The Cobb hotspot has created an underwater mountain range that extends 1800 km to the northwest and ends at the Aleutian Trench. The oldest mount in the chain is the Marchland Seamount, at 30 to 43 Ma (million years old). The old, northwestern end of the chain collides with a subduction zone; therefore, the true age of the hotspot is difficult to determine as the oceanic crust is being consumed. Axial Seamount is the hotspot's most recent eruptive center, which last erupted in 2015, 2011, and 1998. The central ridge of the hotspot is thicker than the surrounding crust by a few kilometers and may be accumulated buildup from the magma released at the hotspot, which is essentially a submarine volcano with a root 20 to 40 km in diameter, reaching a depth of 11 km beneath the volcano.
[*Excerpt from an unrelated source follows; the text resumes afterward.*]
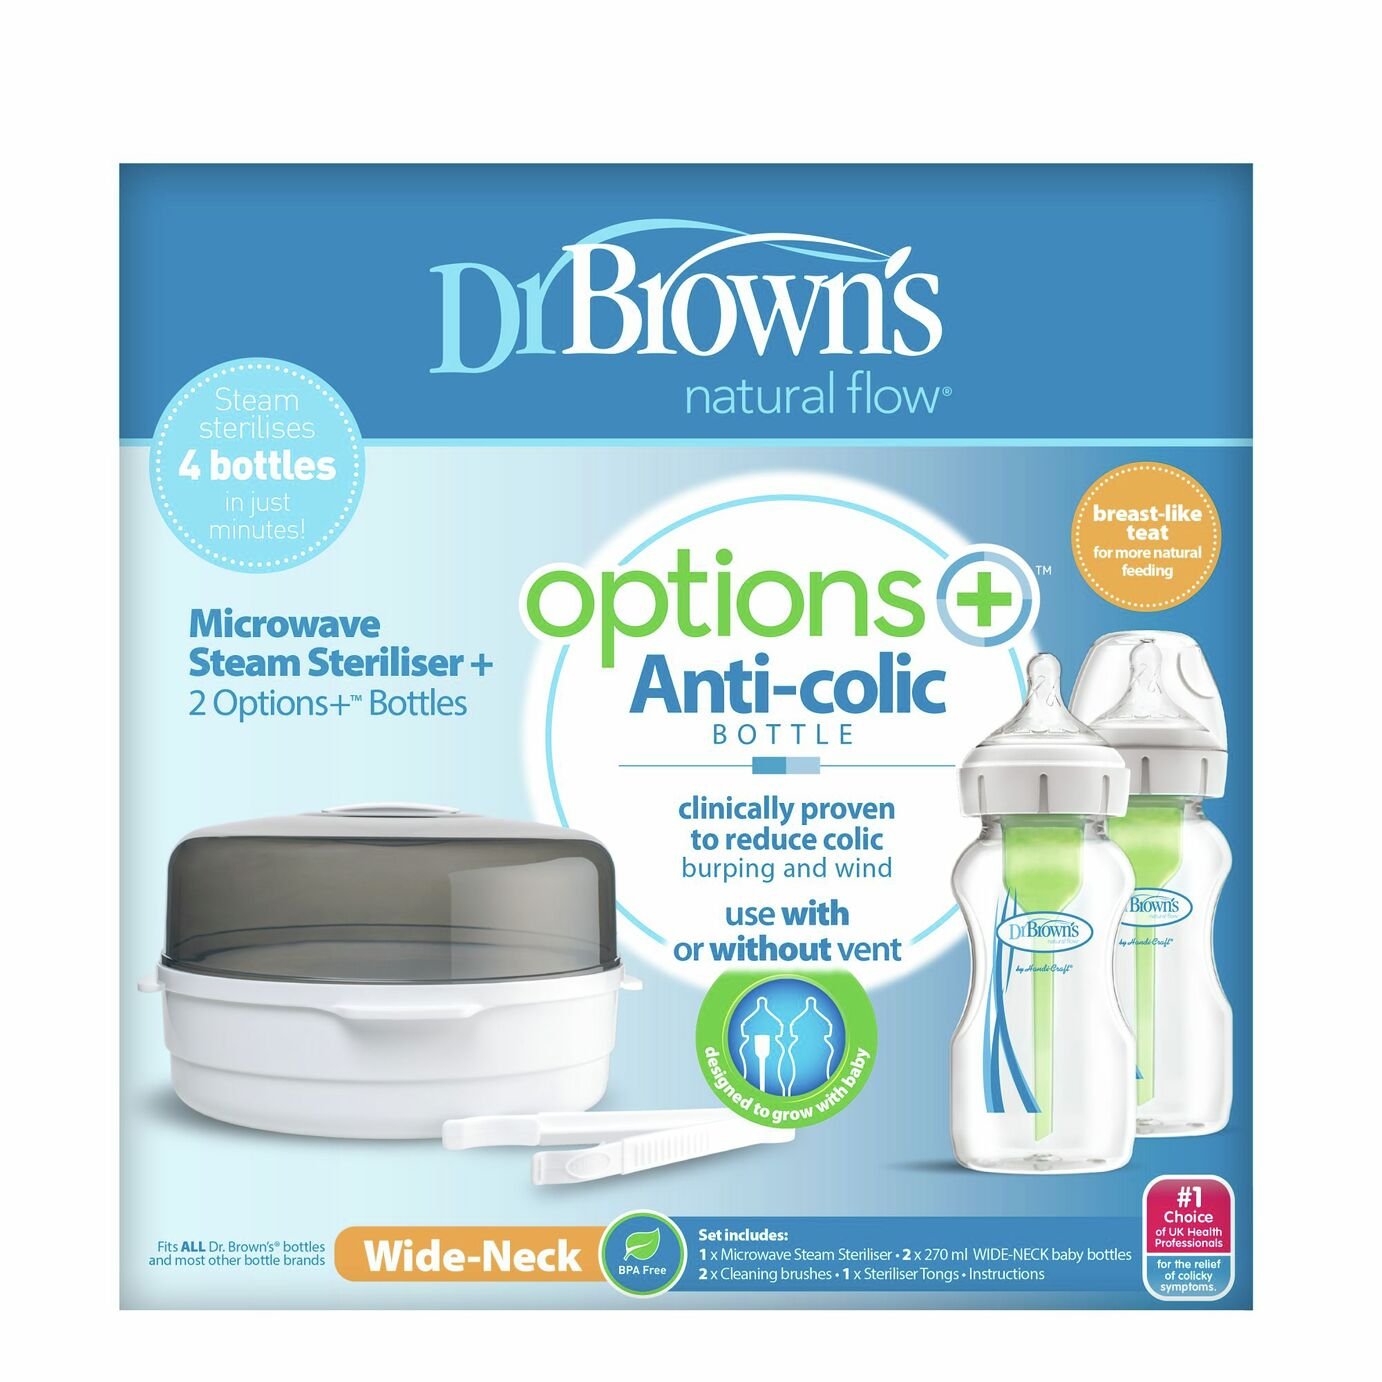 Dr Brown's Options+ Microwave Steriliser and Baby Bottle Set Review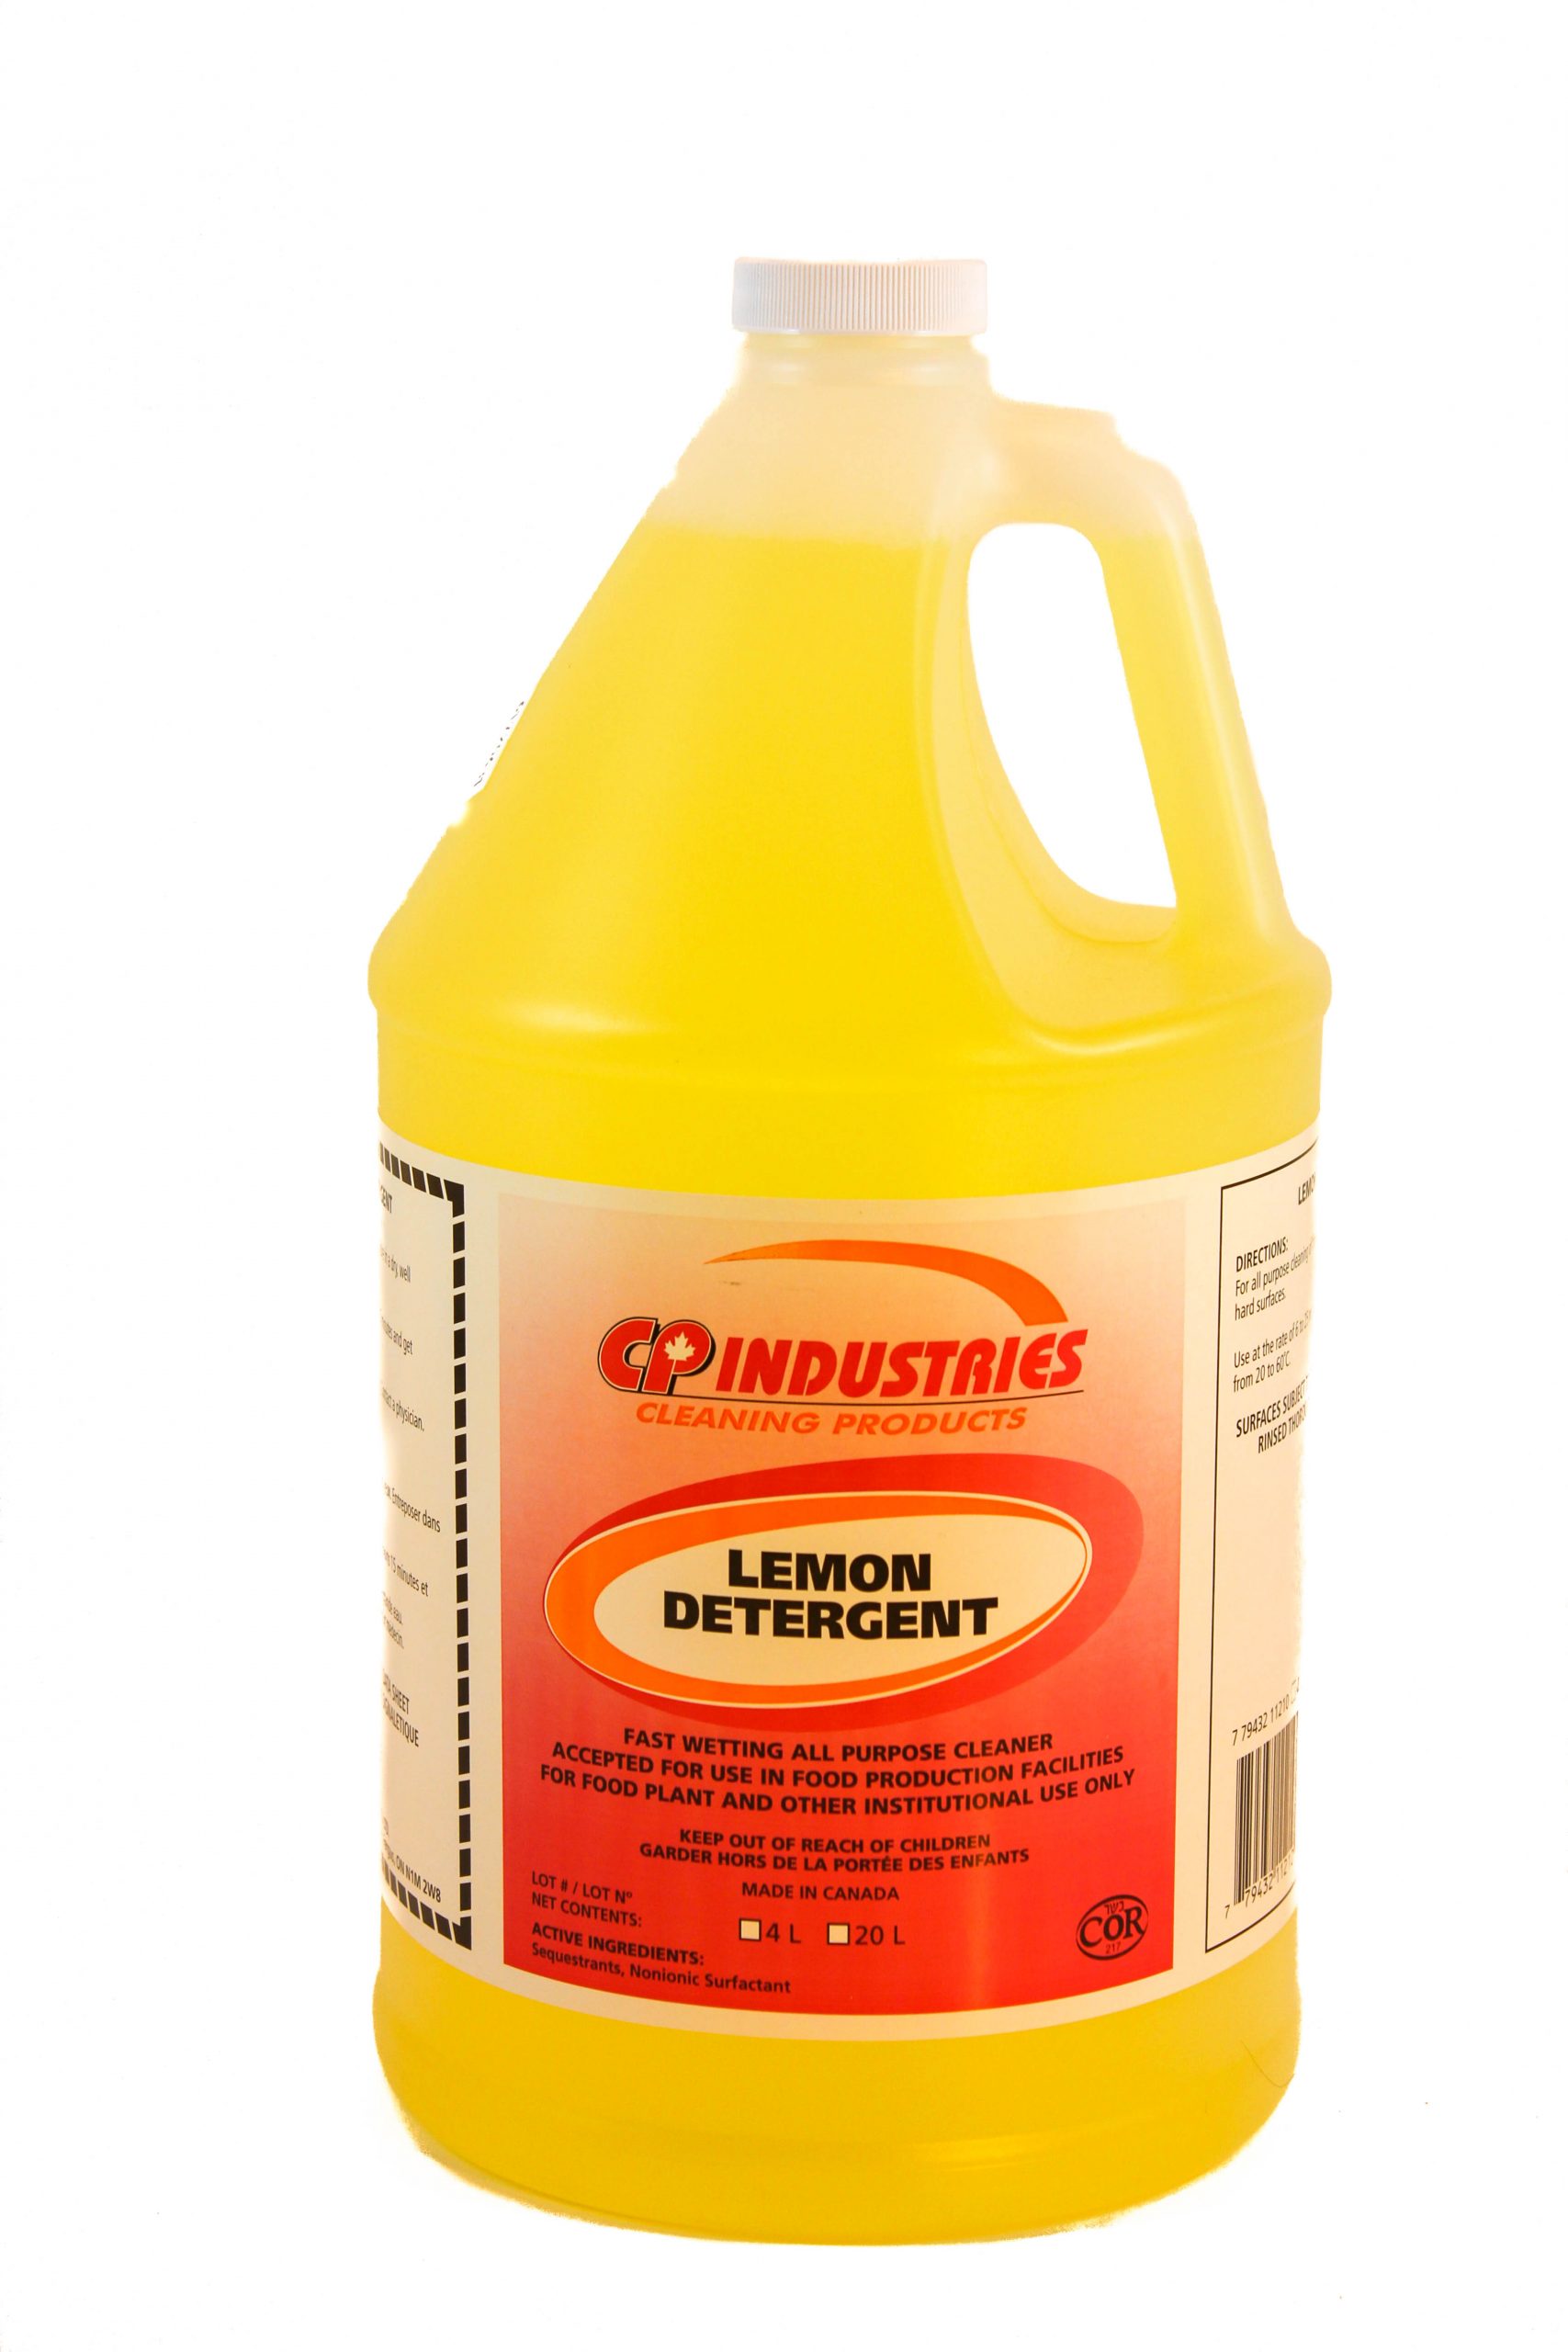 CP Industries - Lemon Detergent, fast wetting all purpose cleaner

The magma flows at a rate of 0.3 to 0.8 m3/s. The caldera is 1,450 m below sea level.

== Geochemistry ==
Hotspots are formed when magma from the lower mantle upwells to the crust and breaks through the surface, whether that be oceanic crust or continental. This movement of magma breaks through the upper mantle, or the lithosphere, and creates a volcanic spot. This does not mean that all volcanoes are hotspots; some are created through interactions at plate boundaries. Tectonic plates move over hotspots creating a chain of volcanically-formed mountains over time. This is supported by the theory of plate tectonics. The peaks and mountains left behind are no longer active volcanoes. Hotspots do not necessarily occur on a plate boundary, though the Cobb Hotspot does.

=== Comparisons with mid-ocean ridge basalts ===
The magmas from the spreading ridge and the hotspot have differences. For one, they contain dissimilar concentrations of compounds like Na_{2}O, CaO, and Sr at a given mafic level. This difference highlights that the magmas were formed at different depths in the mantle. It is theorized that the hotspot magma was melted deeper than that of the ridge. For these two masses of magma to exist, the magma at the Cobb Hotspot must be particularly hot. It is undetermined whether the hotspot was created from mantle-core boundary convection, as the end of the chain is subducting under another. The initial plume of magma would leave behind geologic evidence at the surface, but due to the consumption of the older end of the chain, this evidence is not visible.

=== Variations along the chain ===
Trace elements were used to discover that older mounts created by the Cobb Hotspot contained more minerals like olivine and augite, both mafic minerals. Younger mounts created by the hotspot contain more minerals like calcic plagioclase, augite, and pigeonite; they contain little to no olivine. These characteristics found at the younger mounts are like those found in basalts recovered from the Juan de Fuca Ridge. It is inferred that much of the difference in basalt composition along the chain is due to the time-dependent distance between hotspot and ridge. Oceanic crust thickens with distance from the mid-ocean ridge at which it originated. Therefore, as the Pacific plate migrated, the magma from the Cobb hotspot interacted with different thicknesses of crust. A thicker ocean crust would result in more differentiated basalt, while thinner crusts, like those at the current hotspot location, create less differentiated magma.

== Interaction of the Cobb hotspot and the Juan de Fuca Ridge ==
The magma supply to the Cobb hotspot is more primitive than that of the Juan de Fuca Ridge magma. As the archaic magma flows beneath the magma chamber of the ridge, it causes further melting and rapid cooling, which allows for fractional crystallization.